Prion infection of mice transgenic for human APP sub(Swe): increased accumulation of cortical formic acid extractable A beta (1-42) and rapid scrapie disease development

• Published in: International journal of developmental neuroscience Vol. 26; no. 7; pp. 821 - 824
• Main Authors: Baier, Michael, Apelt, Jenny, Riemer, Constanze, Gueltner, Sandra, Schwarz, Anja, Bamme, Theresa, Burwinkel, Michael, Schliebs, Reinhard
• Format: Journal Article
• Language: English
• Published: 01.11.2008
• ISSN: 0736-5748
• DOI: 10.1016/j.ijdevneu.2008.07.001

Neuropathological, epidemiological and experimental data indicate a potential interrelationship between Alzheimer's disease and prion diseases.

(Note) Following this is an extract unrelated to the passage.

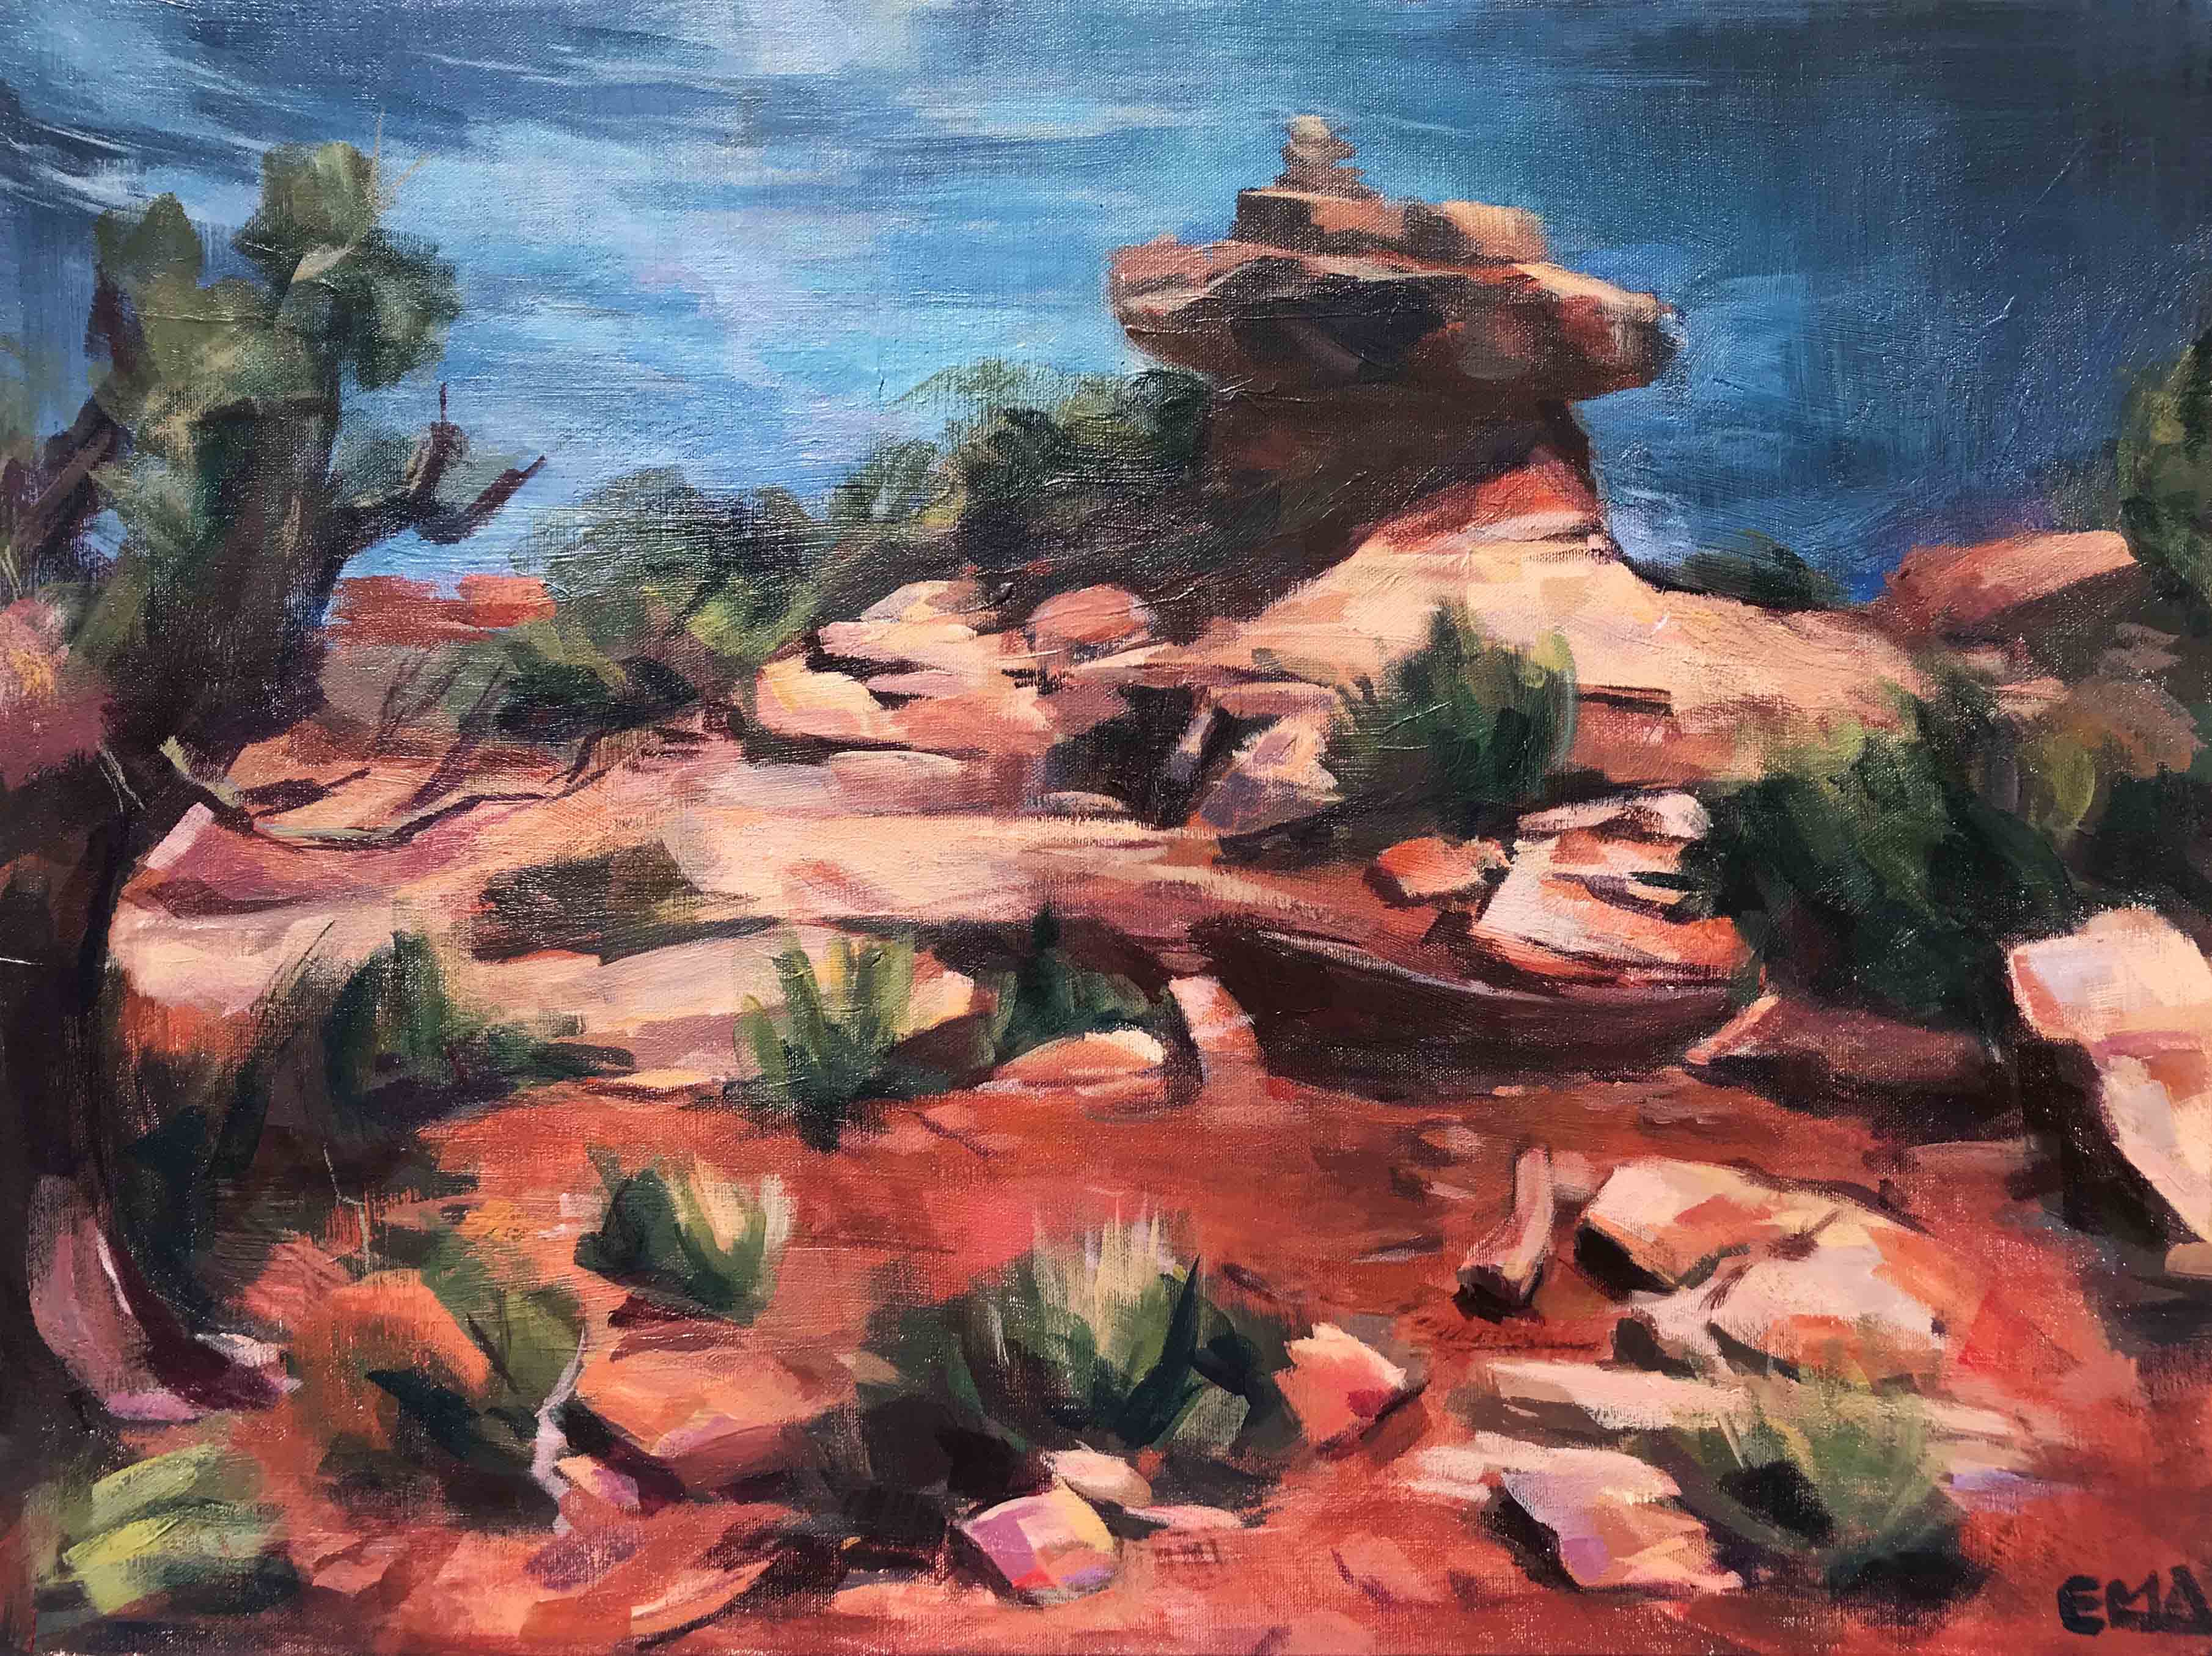 A landscape painting of a desert

Proteolytic processing of amyloid precursor protein (APP) by beta -secretase was recently suggested to be controlled by prion protein expression. Here, we characterized the prion infection of Tg2576 mice, which overexpress the human APP sub(Swe) protein. Prion infection of Tg2576-mice led to an early death of the animals, which was preceded by a relatively short symptomatic stage. However, disease-associated gliosis and deposition of misfolded prion protein PrP super(Sc) were identical in infected Tg2576-mice and non-transgenic littermate controls. To analyze the effect of prion infection on APP processing and generation of beta -amyloid we determined cortical levels of SDS- and formic acid (FA)-extractable forms of beta -amyloid (1-40) and (1-42) by ELISA. Formic acid-extractable A beta (1-42) levels were 10-fold higher in infected versus uninfected Tg2576 mice whereas other forms of A beta were essentially unaffected by the prion infection. Hence, the experimental model demonstrates that a prion infection of the CNS promotes selectively formation of FA-extractable A beta (1-42) in Tg2576 mice.